Changes default encoding from UTF8_GENERAL_CI to UTF8MB4_UNICODE_CI #1408

dresende · 2016-05-04T15:01:37Z

Does anyone have another opinion on this?

http://stackoverflow.com/a/766996/977422

dresende · 2016-05-04T15:14:10Z

Travis configuration should be updated:

remove v0.6 and v0.8
add v6
fix/remove mariadb?

dougwilson · 2016-05-04T17:07:00Z

As for this change, I definitely think it needs to wait for 3.0, probably going along with actually fixing the way encoding works in this module, which is still fundamentally broken. The reason I think this is a major version change is because it is breaking (it will break against old server versions that do not understand this encoding) and also I noticed it will actually act differently against people using the current encoding and writing to mb4 columns with chars outside the BMP, thus changing their data storage without a major.

As for your trouble testing, not sure why you are having trouble. I literally just ran all these tests at the beginning of this week and everything worked.

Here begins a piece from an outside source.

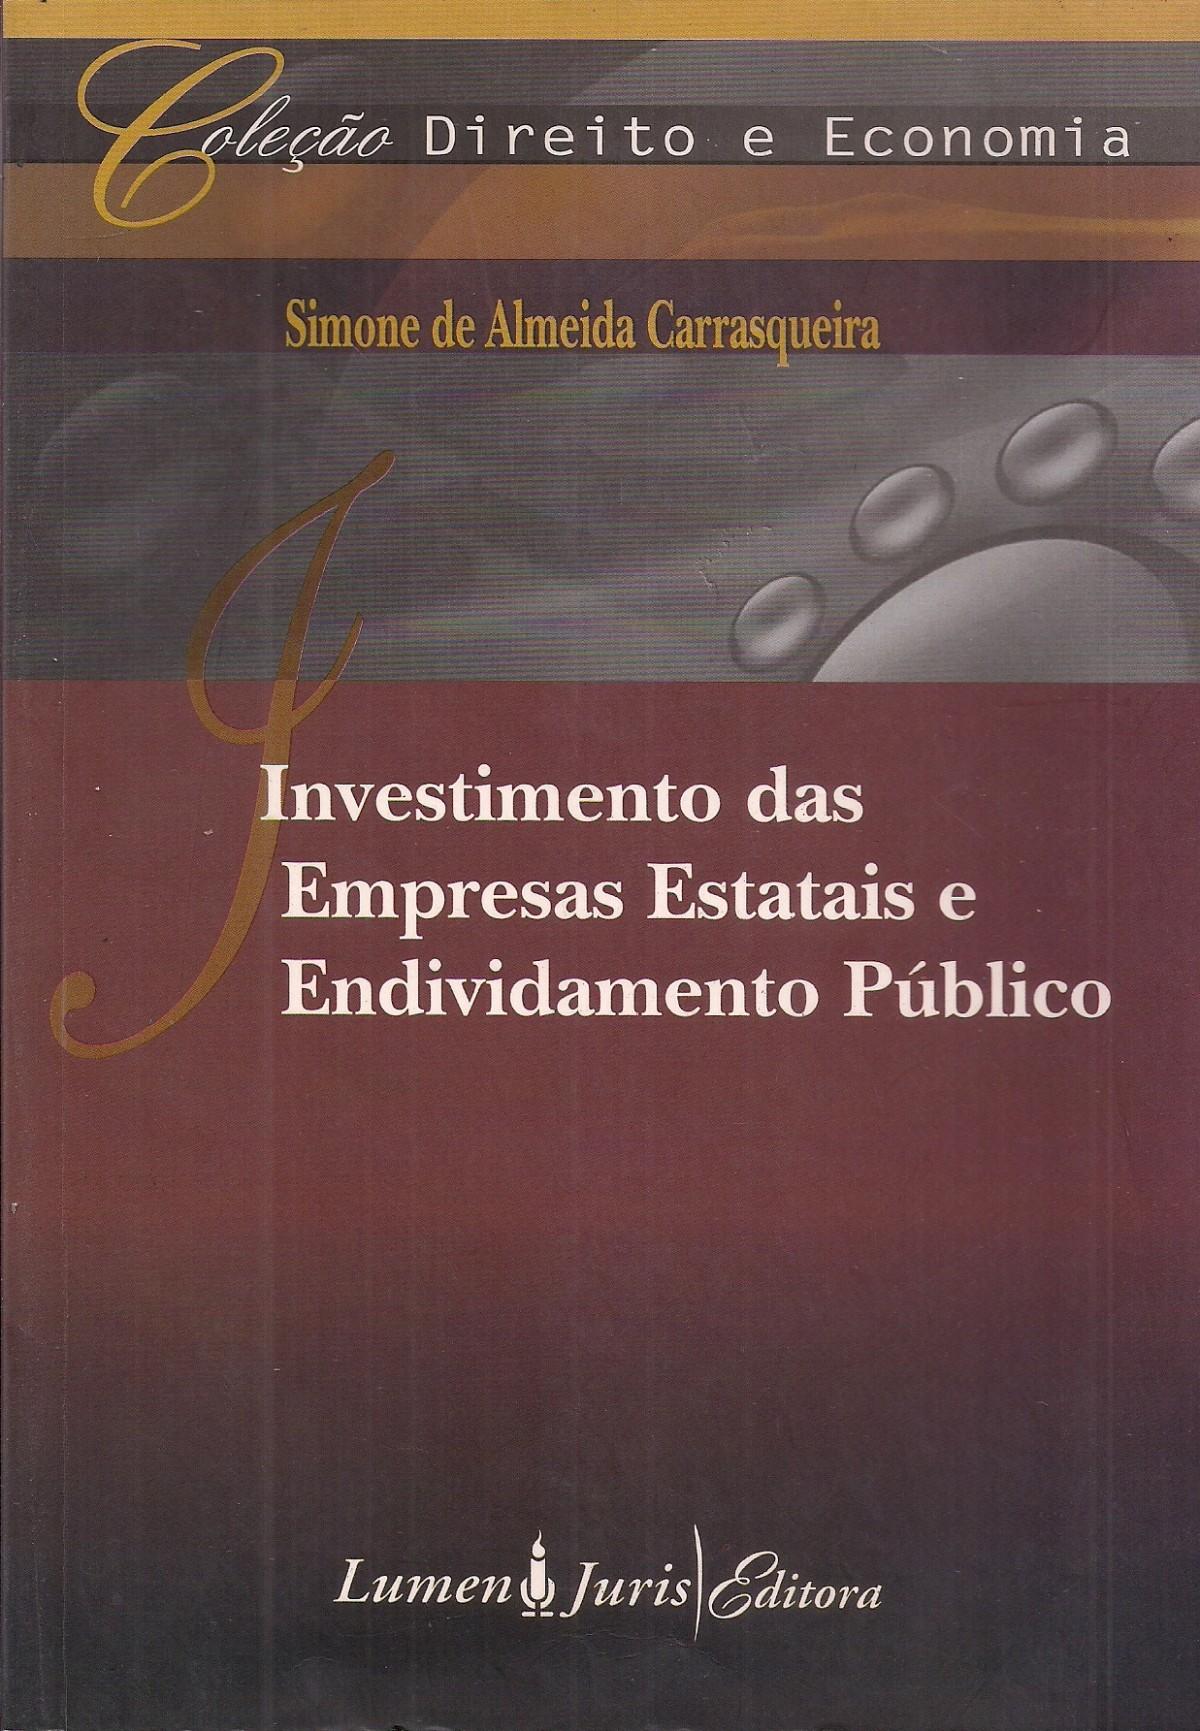 Foto 1 - Investimento Das Empresas Estatais E Endividamento Público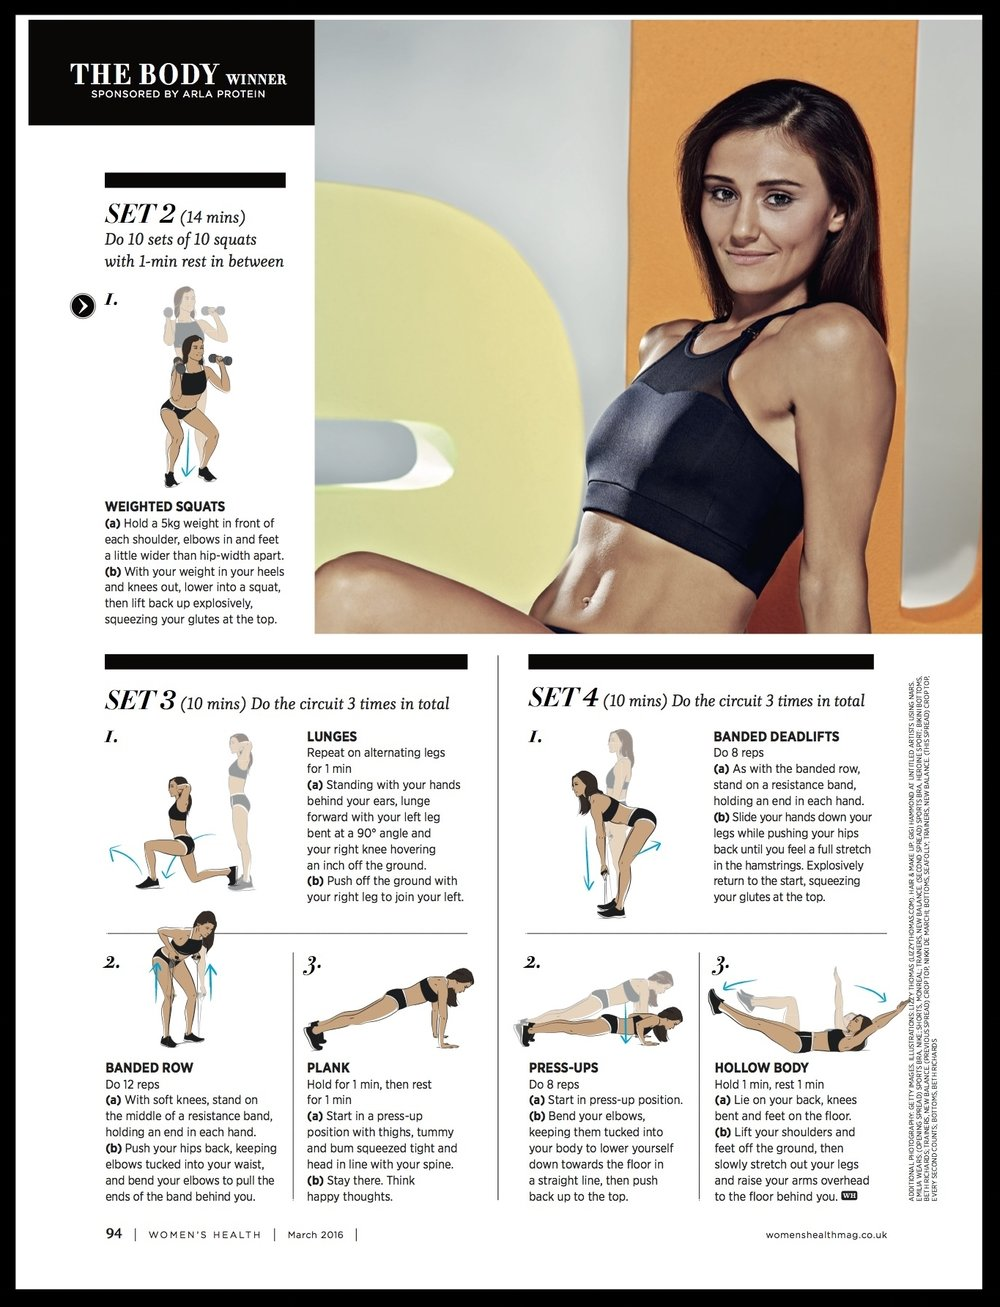 F Body Winner Fitness Plan 7.jpg

I am not going to remove 0.6/0.8 testing as long as we support those versions, and removing support is also a major version bump. I agree that we can definitely remove on 3.0, but this should not be because it's not technically possible to test, just less headaches.

dougwilson · 2016-05-04T17:21:21Z

Ah, @dresende, I see why the tests are failing: you committed failing commits directly to master. Please revert commits on master that fail CI. Please us branches to test commits before making them to master, or at least revert them on master as soon as you see them fail. Otherwise everyone coming to this project for the past 2 hours will think this is a joke project that cannot even pass it's own tests.

dougwilson · 2016-05-04T17:48:37Z

@dresende for now I just moved those commits over to this branch so we can take whatever time is needed figuring out what the test failures are and can get the build badges back to "green" in the meantime (I'm surprised I figured out how to do this from my phone :O while I'm away from the computer).

dougwilson · 2016-05-04T17:58:18Z

Apparently even after reverting those changes from master, AppVeyor is not going to pass. The changes in the May 2nd update (http://www.appveyor.com/updates) must have changed something, because mysqladmin no longer seems to be in the PATH. Someone will need to take a look into that and get AppVeyor back working again, which is now an urgent ask since master was touched and we have a failing badge :( I should be on a computer in about 6 hours or so, so if no one has fixed it before then, I can take a look.

dresende · 2016-05-04T21:59:02Z

About the encoding, I would be happy with change from utf8_general_ci to utf8_unicode_ci. The general one is just wrong.

dresende · 2016-05-04T22:00:25Z

About committing to master, it's supposed to be unstable. And AppVeyor is to blame on this too. I prefer to see a project failing on master with a commit from 1 week ago than a project succeeding with a commit 2 months old :)

dougwilson · 2016-05-04T22:06:24Z

About the encoding, I would be happy with change from utf8_general_ci to utf8_unicode_ci . The general one is just wrong.

It's still a major version bump in my mind, unless you can explain how it would not change the behavior of people's apps when upgrading? It would seem to me if it doesn't change anything then there is no point and if it does change something... well now we're breaking people and it would need to be a major version bump.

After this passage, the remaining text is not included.